Nine professors at the University of California, San Diego have been named 2011 Fellows of the American Association for the Advancement of Science, the nation’s largest scientific organization.
Alexandra Newton, Joseph O’Connor, Carol Padden, Dena Plemmons, Jim Posakony, Michael Sailor, Lu Jeu Sham, Lisa Tauxe and Paul Yu were among 539 individuals selected this year by colleagues in their disciplines to be honored by the association for “efforts toward advancing science applications that are deemed scientifically or socially distinguished.”
The new Fellows, who were announced by the association this week, will be presented with an official certificate and a gold and blue rosette pin (representing science and engineering, respectively) on February 18 at the 2012 AAAS Annual Meeting in Vancouver, British Columbia.
Newton, professor of pharmacology in the School of Medicine, was honored for “significant contributions to our understanding of lipid dependent cell signaling events.” These signaling events are a cellular language with a precisely controlled balance of “go” and “stop” instructions that, if perturbed, results in pathophysiologies. Her discovery in 2005 of an enzyme that is a natural tumor suppressor by promoting “stop” signals could provide new targets for therapies to treat diabetes, heart disease and cancer.
O’Connor, professor of chemistry and biochemistry, was honored for “major contributions to synthetic and mechanistic organometallic chemistry, including transition metal-triggered enediyne cyclizationsis.” An organic chemist, he specializes in mechanistic and synthetic organometallic chemistry with an emphasis on small-molecule activation by metal complexes. He has been a faculty member at UCSD since 1985.
Padden, a scholar of sign languages, is a professor in the Department of Communication. A 1983 doctoral graduate of UCSD’s Department of Linguistics, she is also an affiliate of the Center for Research in Language and associate dean in the university’s Division of Social Sciences. Her research focuses on the unique structure and evolution of sign languages – how they differ from spoken language and from each other – and on the specific social implications of signed communication. In 2010, she won a MacArthur “Genius” award.
Plemmons, assistant adjunct professor of anthropology, is a research ethicist with the San Diego Research Ethics Consortium. She leads seminars and teaches courses to help NIH and NSF grantees meet requirements for training in the responsible conduct of research. Her work in the field of research ethics has ranged from consulting in Ghana, Taiwan and Mexico on ethics curricula in research environments to serving as 2009-2011 Scientist in Residence for ethics and science education at the Montgomery Middle School in San Diego. She recently received a 2011 President’s Award from the American Anthropological Association for her service to the organization.
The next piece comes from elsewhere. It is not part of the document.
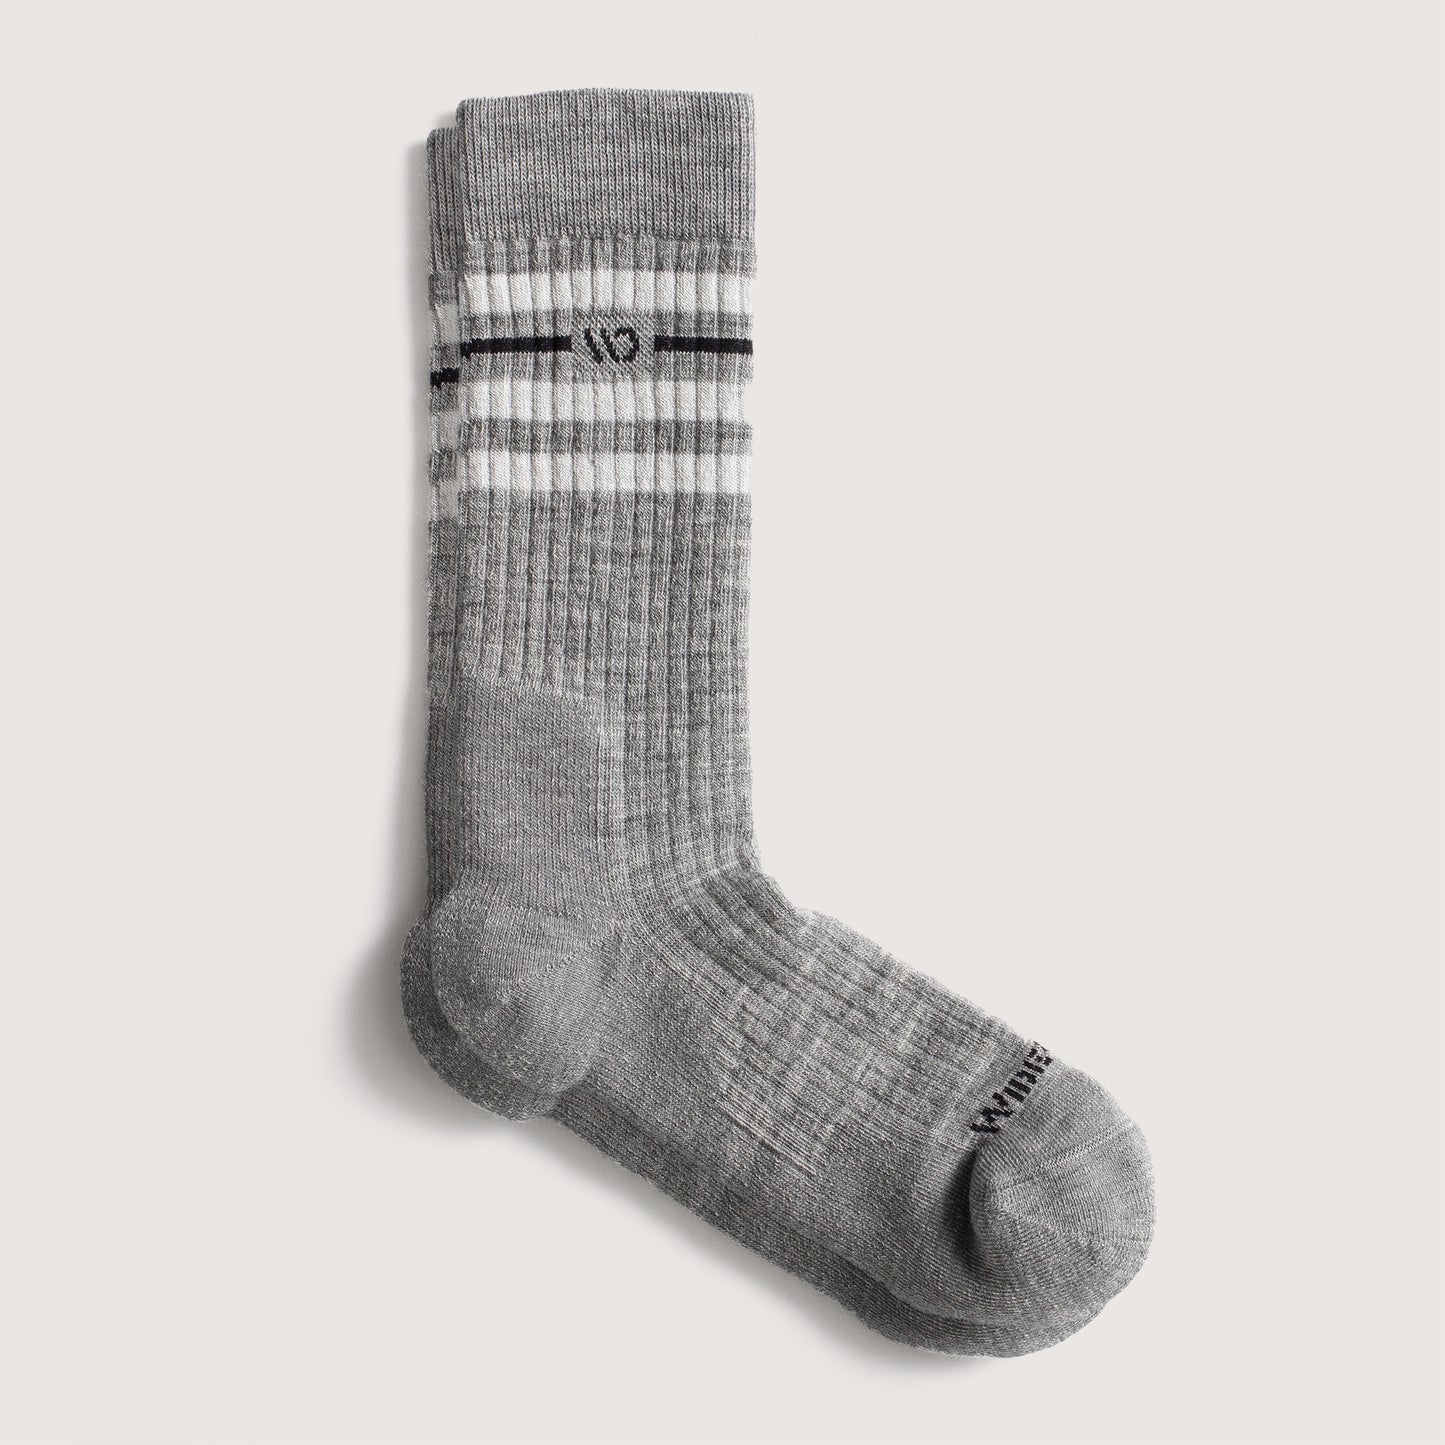 Flat socks featuring black logo, light gray body, white stripes below the cuff--Light Gray

Posakony, professor of biology, was honored “for distinguished contributions to the field of developmental biology, particularly in the area of cell-cell signaling and the transcriptional control of cell fate specification.” A cell and developmental biologist, he uses laboratory fruit flies to probe the mechanisms by which cell to cell signaling pathways and transcriptional regulatory networks act to specify cell fates during animal development. He has been a faculty member at UCSD since 1985.
Sailor, professor of chemistry and biochemistry, was honored “for developments in the chemistry of nanomaterials, in particular nanoporous silicon and iron oxide nanoparticles, that have led to fundamental advances in sensors, drug delivery materials, and in-vivo diagnostic devices.” An inorganic chemist, his research focuses on silicon-based nanomaterials for the diagnosis and treatment of disease, remote sensing of toxins and pollutants, high-throughput screening of biomarkers, point detectors for chemical or biological warfare agents and microfluidic technologies. He has been a faculty member at UCSD since 1990.
Sham, professor of physics, is a theoretical condensed matter physicist whose research is focused on the optical control of electron spins in semiconductor nanostructures for quantum information processing and spintronics. He is a member of the National Academy of Sciences and Academia Sinica. In addition, he is a Fellow of the American Physical Society and Optical Society of America.
Tauxe, professor of geophysics at Scripps Institution of Oceanography, is a leading expert in paleomagnetism, the study of remnant magnetism in ancient rocks. She is working to extend the record of paleointensity of Earth’s magnetic field behavior 500,000 years back into history. She also studies the origin of magnetic anomalies in the ocean floor, particularly in seamounts. She is a fellow of the American Geophysical Union and the Geological Society of America and has published more than 40 scientific papers.
Yu, professor of electrical and computer engineering in the Jacobs School of Engineering and associate vice chancellor for research initiatives, pioneered the development of low-threshold-current semiconductor lasers for fiber-optic communications in the 1980s. He also proposed the design and use of surface-emitting lasers for high-density optical interconnections and invented efficient semiconductor optical modulators and high-power photodiodes for analog fiber links commonly used for cable-television and satellite communications. He has been awarded six patents and has been a member of the UCSD faculty since 1983.